I hate it even though the iPhone hardware and software are great, because freedom's not just another word for anything, nor is it an optional ingredient.
no subject
Date: 2010-03-16 03:33 pm (UTC)There is NO greater freedom than being able to program your own device to do whatever the heck you want. As for Apple's "no naughty" rules, go to Best Buy and try to buy a Porn DVD. None there. Nor is there a swimsuit program, best pickup lines or "How to get girls in bed" training disc. Are you likewise going to ban Best Buy for simply trying to keep a "broadest possible appeal" factor by being as unoffensive as possible?
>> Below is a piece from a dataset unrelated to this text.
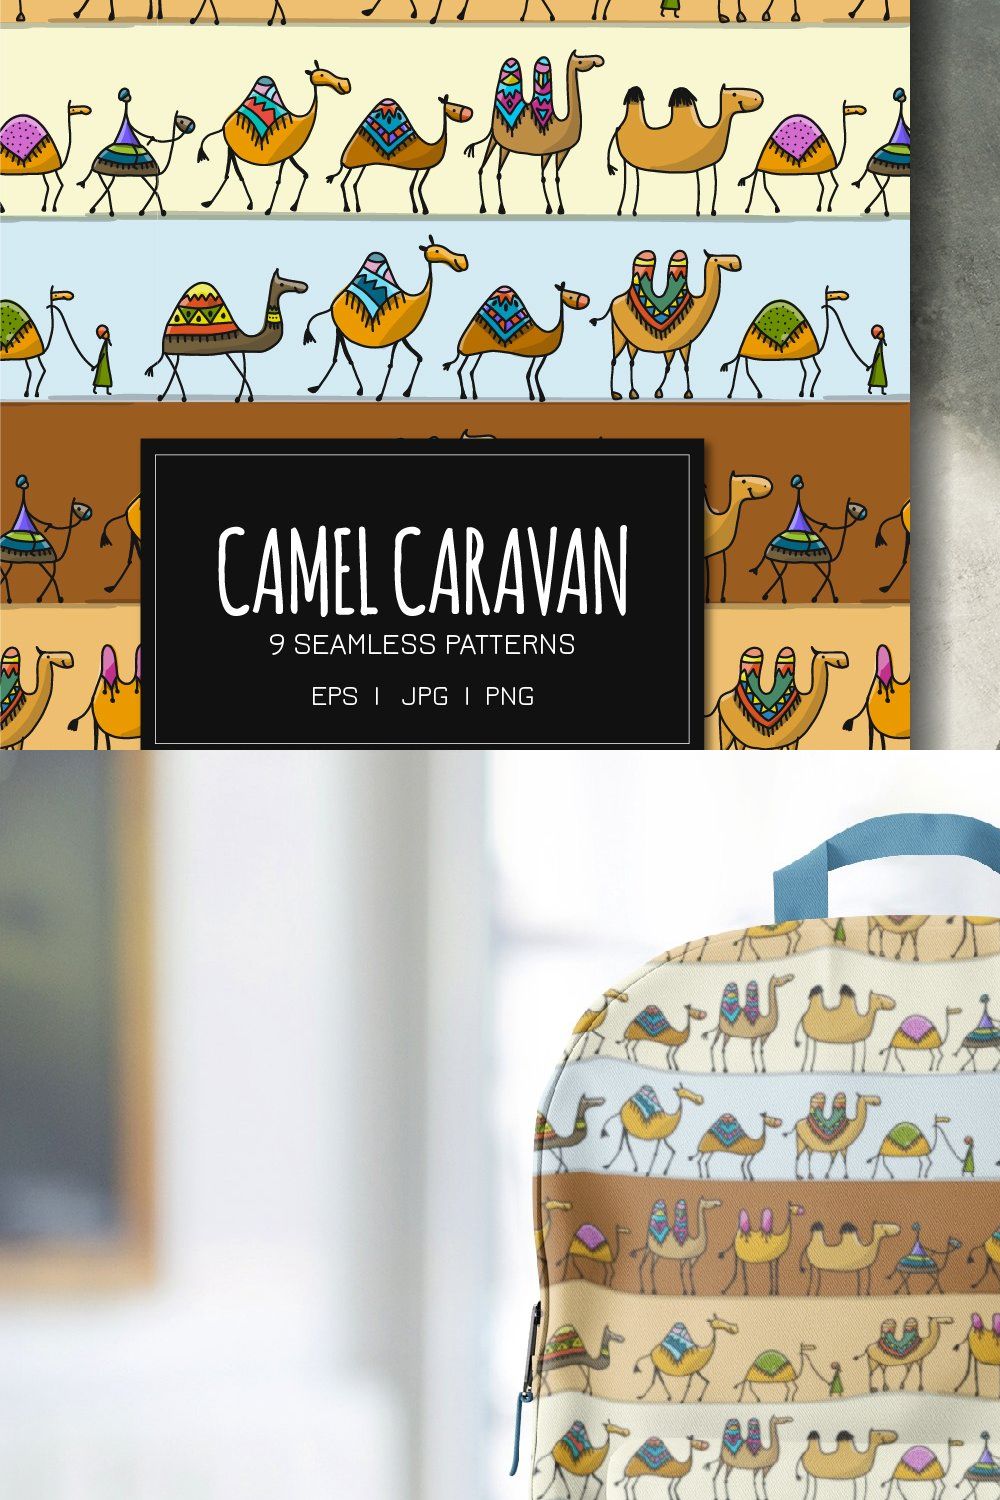 Camels caravan. 9 seamless pattern pinterest preview image.

Apple would be better served by having an "opt in" setting where you have to say you want to see the R rated or above applications. Make it so the kids cannot turn that on (parental pin perhaps). That I think would be a better approach than Disneyfication. That may be coming, I don't know. But it isn't accurate to claim the phone is closed, closed, closed, when I can easily program mine to do anything under the sun. Closed store, yes. Closed machine, no.
no subject
Date: 2010-03-16 05:04 pm (UTC)Sure, if you have the SDK (does that require you also have a Mac?) and the source code you can, but as I understand it, without jailbreaking it, you cannot install from someone else's site.
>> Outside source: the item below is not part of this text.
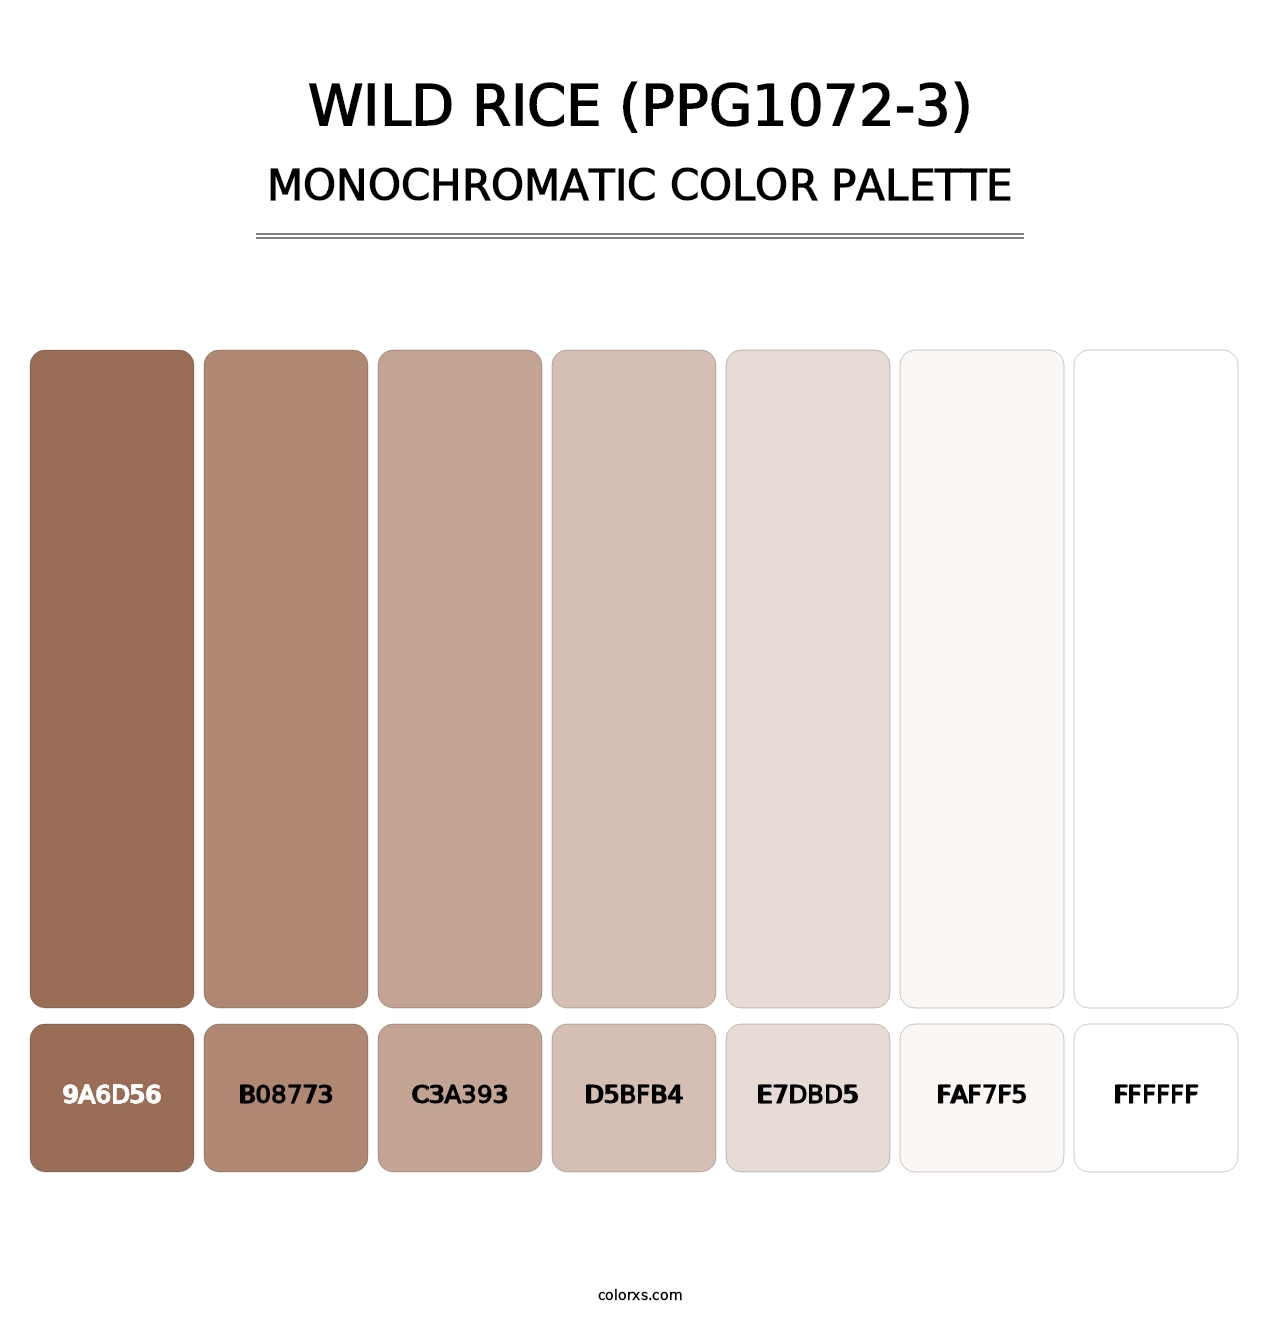 Wild Rice (PPG1072-3) - Monochromatic Color Palette

Best Buy don't stop you going elsewhere for your porn.
no subject
Date: 2010-03-16 05:07 pm (UTC)no subject
Date: 2010-03-16 05:19 pm (UTC)The point that Bray's making is that you can't express yourself as an iPhone developer to other iPhone users unless you get Apple's approval for doing so; approval they may yank at any time for any reason.
Not at all.
Date: 2010-03-16 07:13 pm (UTC)It's all really very sad, and puzzling why so many hipster kids still fall for it.
no subject
Date: 2010-03-16 03:43 pm (UTC)no subject
Date: 2010-03-16 05:16 pm (UTC)This is why I'm eying a WebOS or Android phone as a replacement for my creaky Treo 700p. They're more open platforms.
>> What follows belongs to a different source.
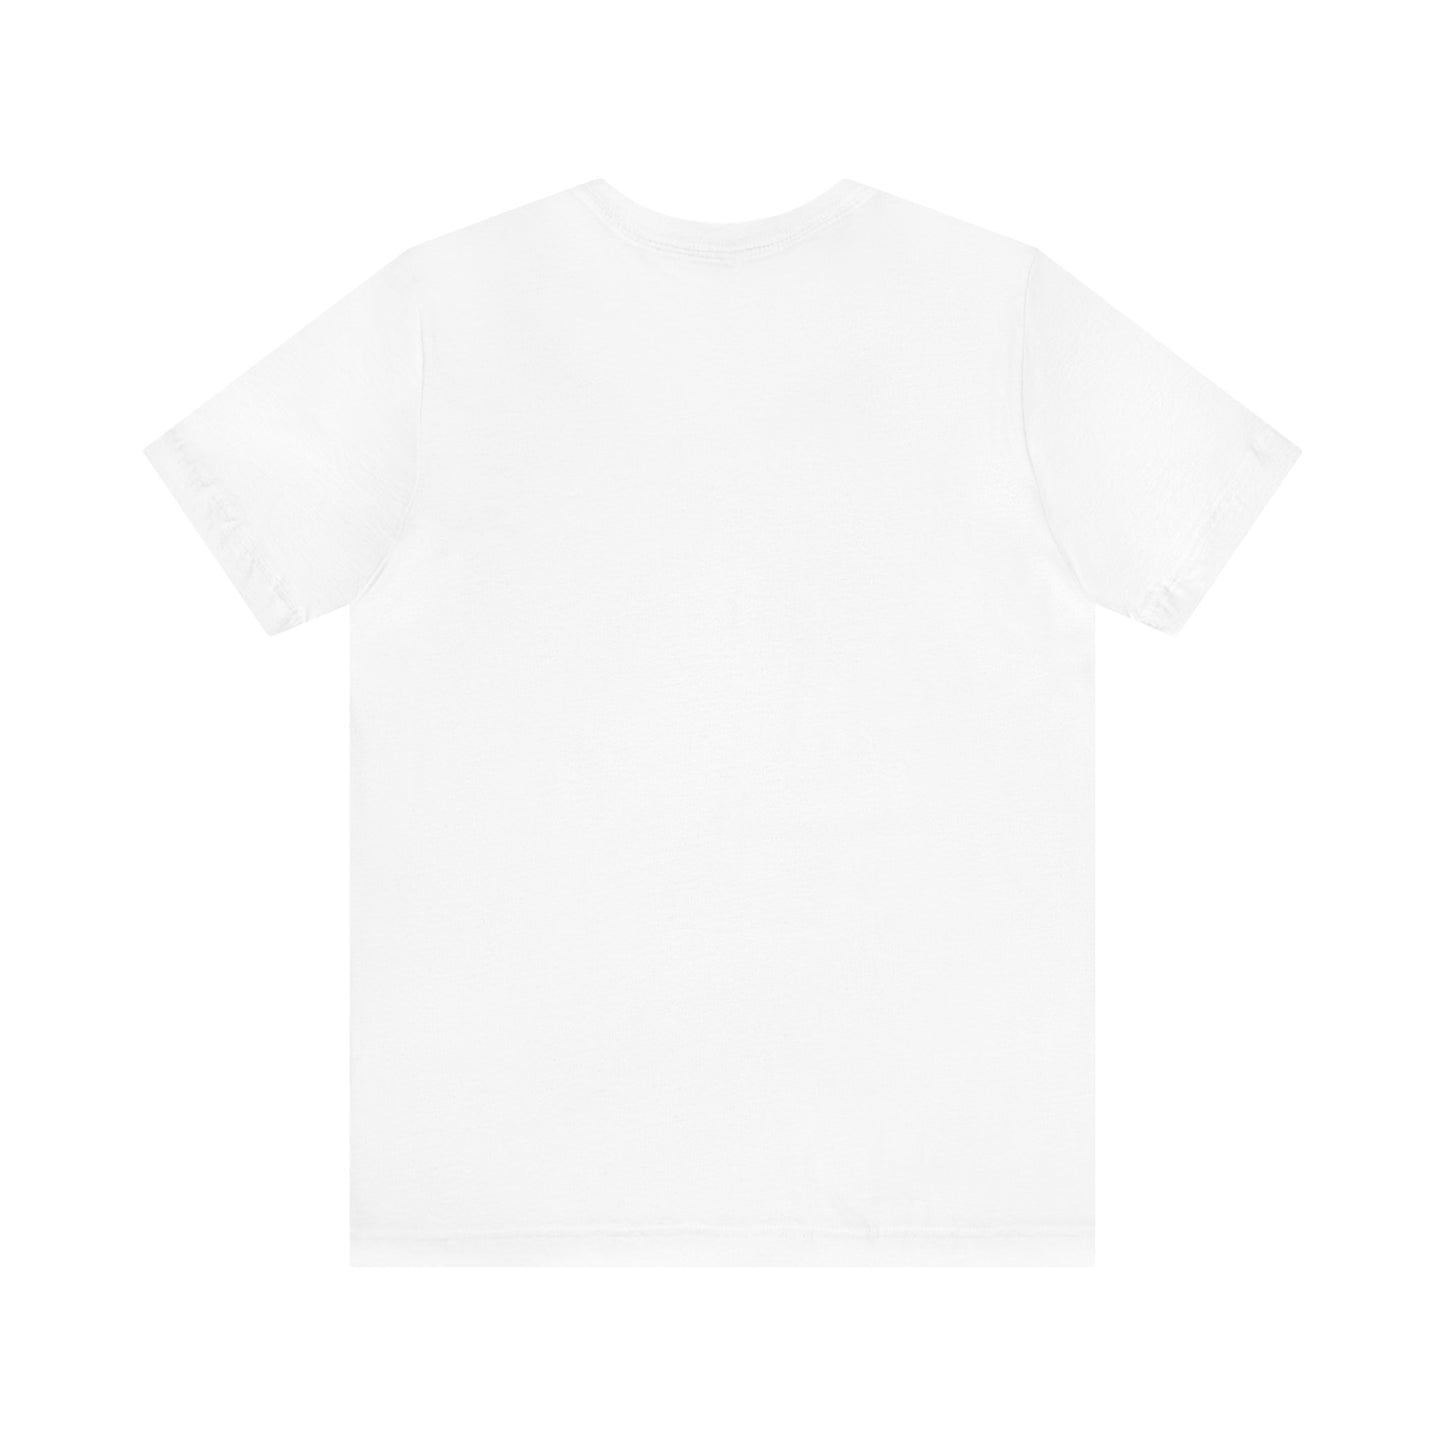 ILikeCheese3434 Unisex T-shirt

Linux is a cruel thing to inflict on phone users.
Date: 2010-03-16 07:19 pm (UTC)Re: Linux is a cruel thing to inflict on phone users.
Date: 2010-03-17 04:58 pm (UTC)While Symbian may be better in some theoretical sense, the actual phones that use it are totally uninteresting to me. There are only a couple with keyboards and they have miserable touch screens. Maybe there's one with a touchscreen and on-screen keyboard, but no thanks.
Re: Linux is a cruel thing to inflict on phone users.
Date: 2010-03-17 07:55 pm (UTC)The measure of success for a smartphone OS is not even knowing you have one, let alone which one it is. Most smartphone users in the world just do stuff without knowing there's Symbian inside. If the UI is working you're not thinking much about that either, rather thinking about what you're doing instead.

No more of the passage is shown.